Extended Data Fig. 6 PTPN11 mutations confer venetoclax resistance.
a, Representative immunoblots depict induction of PTPN11 expression in cells transduced with inducible PTPN11 WT and A72D in the presence of Dox for 72 hours. The experiments were conducted twice independently with consistent results. b, The immunoblot shows the expression of BCL2 family pro-survival proteins in different leukemia cell lines. Blots are representative of two independent experiments with consistent results. c, The graphs demonstrate ABT-737 and AZD5991 AUCs in AML samples harboring PTPN11 mutations (N=12 and 7 samples for ABT-737 and AZD5991, respectively) compared to samples without PTPN11 mutations (N=224 and 200 samples for ABT-737 and AZD5991, respectively). d-e, Representative graphs depict the viabilities (mean from 3 technical replicates) of Molm13 cells expressing PTPN11 WT or A72D in the presence or absence of Dox and dose gradients of indicated drugs The upper panel d, is the constitutive transduction system, and the bottom e, is the Dox inducible transduction system.
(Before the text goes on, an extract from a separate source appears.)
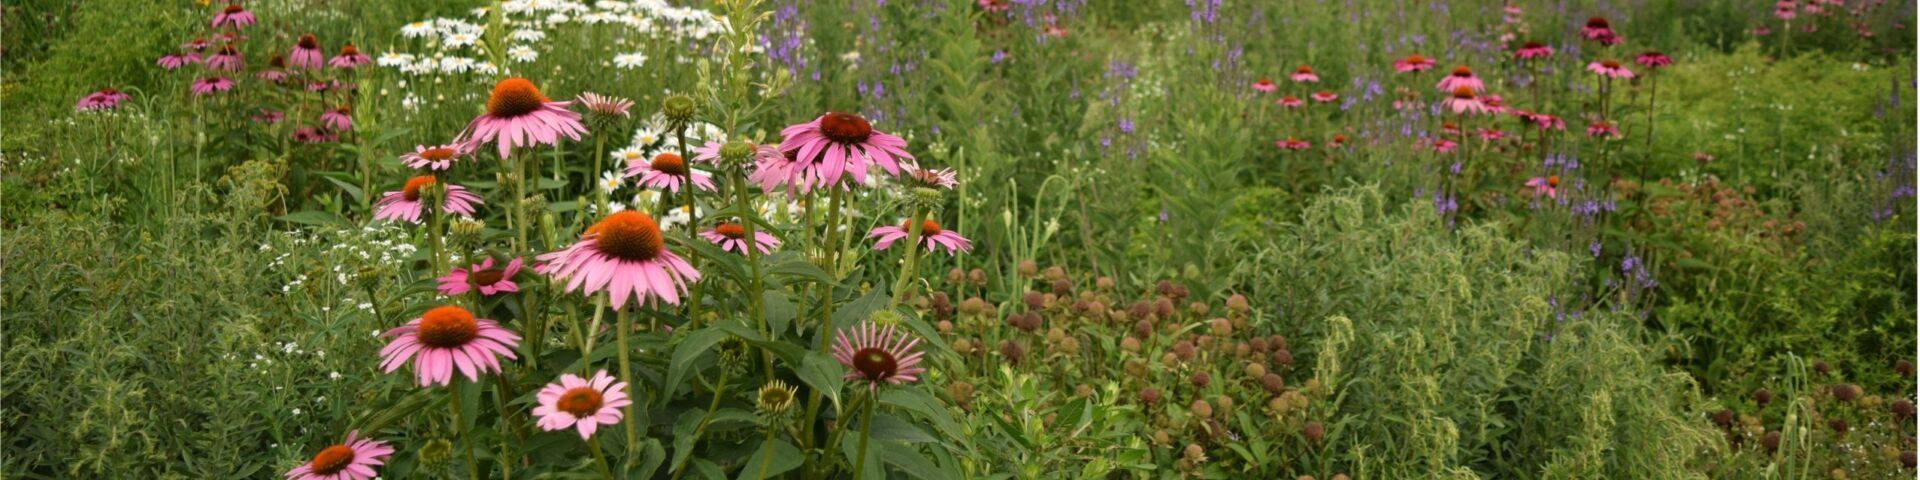 Photo of a meadow with coneflowers and other native flowers in bloom.

The constitutive transduction system experiment was conducted once. The Dox inducible transduction experiment was performed twice independently with consistent results. The numerical source data have been provided as Extended Source Data_ Extended Data Fig. 6d,e. f, Western blot images showing sustained pMCL1,BCL-xL and BCL-w expression of PTPN11 A72D expressing cells in a constitutive expression system (left) or a inducible expression system (right), when treated with venetoclax. Blots are representative of two independent experiments with consistent results. The image source data for Extended Data Fig. 6f has been provided as Source Data Extended Data Fig. 6.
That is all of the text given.